The cold was severe; she closed the window. What should she prepare for dinner? The best thing to do would be to call Farid and ask him. After a bit. Nothing here called for hurrying. She found her habit of perpetual hurrying absurd. She went into the bedroom: books filled the shelves; some of them had yellowed pages, some emitted an old vanilla scent. What would be the fate of her books? Soon nothing would connect her to this world, which she built or destroyed, brick by brick. She opened the cupboard: her own clothes and some of her mother’s. In the corner, a navy-blue suit of her father’s that she thought he’d been buried in, believing that he’d only owned one. And navy blue was indeed what he’d been shrouded in. She drew it close and inhaled; it still carried his scent. How did her mother forget to get rid of it, especially since she always said, “The clothes of the dead should never be mixed with the clothes of the living”? She saw him in her sleep. She knew in her dream that he’d passed on, so she wanted to ask him about his new residence. She was sitting near him in the backseat of his car; for the first time he wasn’t the driver. She was planning to ask him about... he didn’t even once turn to look at her. He was morose and angry, knowing that she’d ask him about his death. He merely waved his hands at her nervously, saying, “You’re still rushing around.” He didn’t utter the word that he usually used: frantic.

Right now, though, she wasn’t “rushing around,” but lifeless.

During her drive down to the seaside Corniche with Hyam, she started telling her friend to hurry, with Hyam imploring her to stay with her a little longer.

“I wanted to call you yesterday, but I decided not to.
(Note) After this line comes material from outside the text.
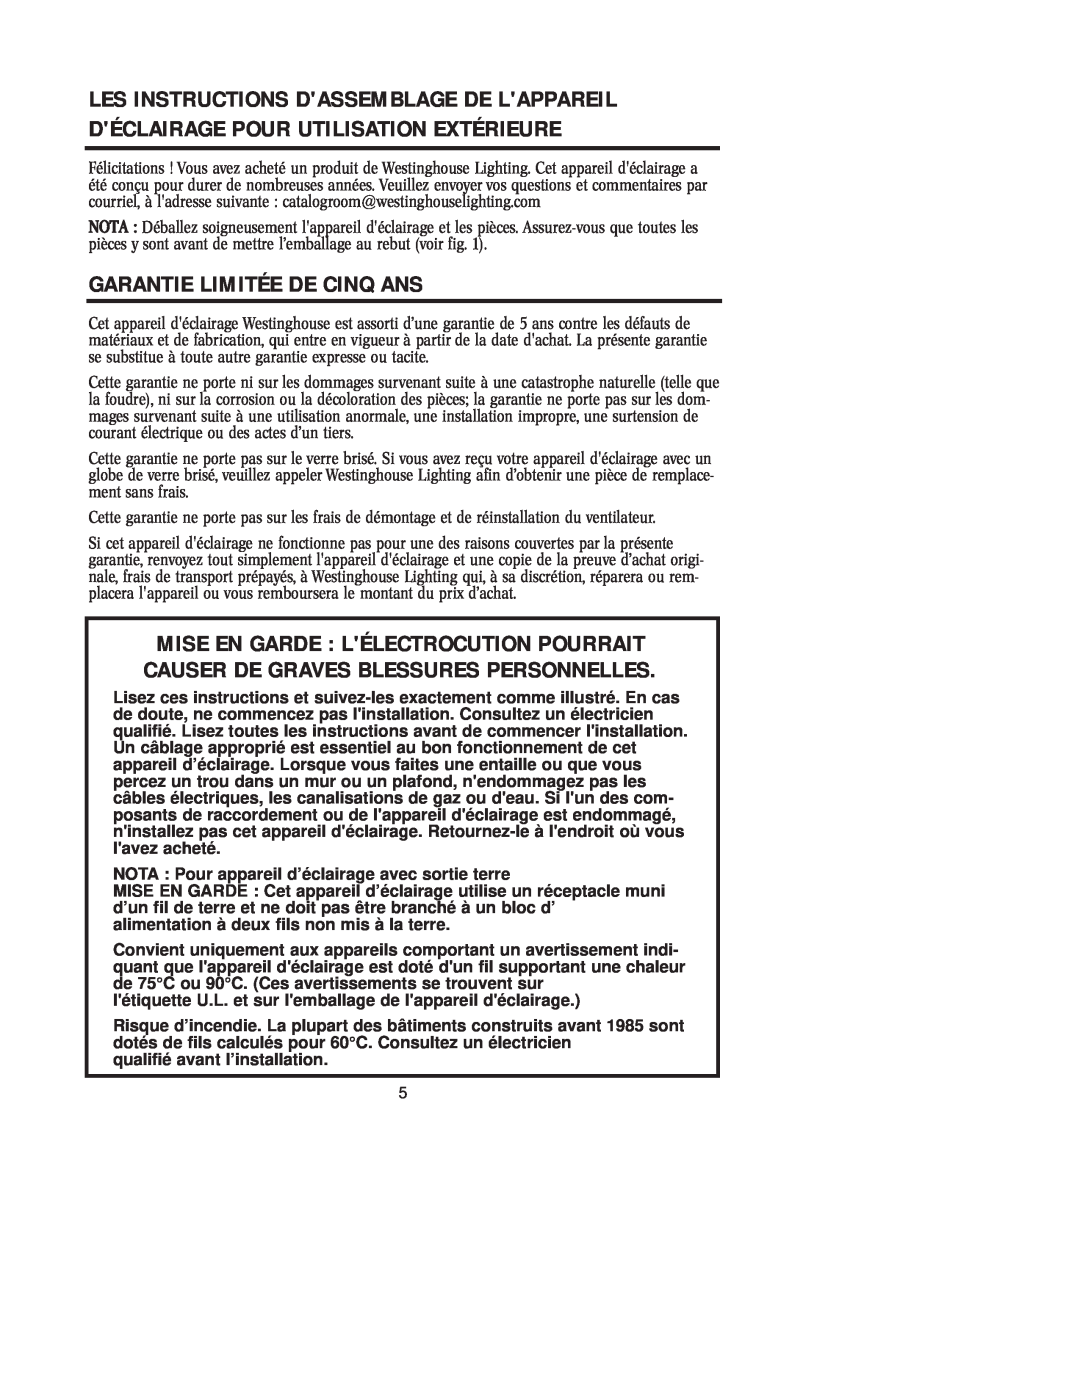 Westinghouse W-207 071705 owner manual Garantie Limitée De Cinq Ans

I didn’t want to bother you. Lamia... you’ve seemed preoccupied for a while.”

“I’m trying to change my lifestyle. It’s the second time that Farid’s come to Lebanon. I don’t want to engage in any more stupidity.”

“Rest assured, there can’t be any greater stupidity than what you were doing back when we first met! If you’d killed someone...”

She was surprised by the way Hyam was speaking to her. Why all this hostility?

“Hyam... are you all right?”

“No — and I wanted to tell you about my new resolution to put an end to all stupid things.”

“Did you fight with Nazih again?”

“No one deserves me. Do you remember that day when we were preparing food and he refused to help us? How could he just sit there all surly and superior, refusing to be with us?”

“Perhaps he wasn’t feeling well or was tired...”

“None of us feel well; we’re all tired... There’s something else there... I’m thinking about divorce.”

“Funny, when I’m thinking about marriage.”

“It hurts me to leave him, I’m afraid of him faltering... What keeps me there is his weakness. When he gets stronger, I’ll give up on him. Later, when he’s doing better, I’ll leave him right away, with no regrets.”

“Really nice. You help him to get stronger and he gets stronger for you, then you leave him?”

“I can’t leave him when he’s in this condition. My whole life is just a postponement of divorce.”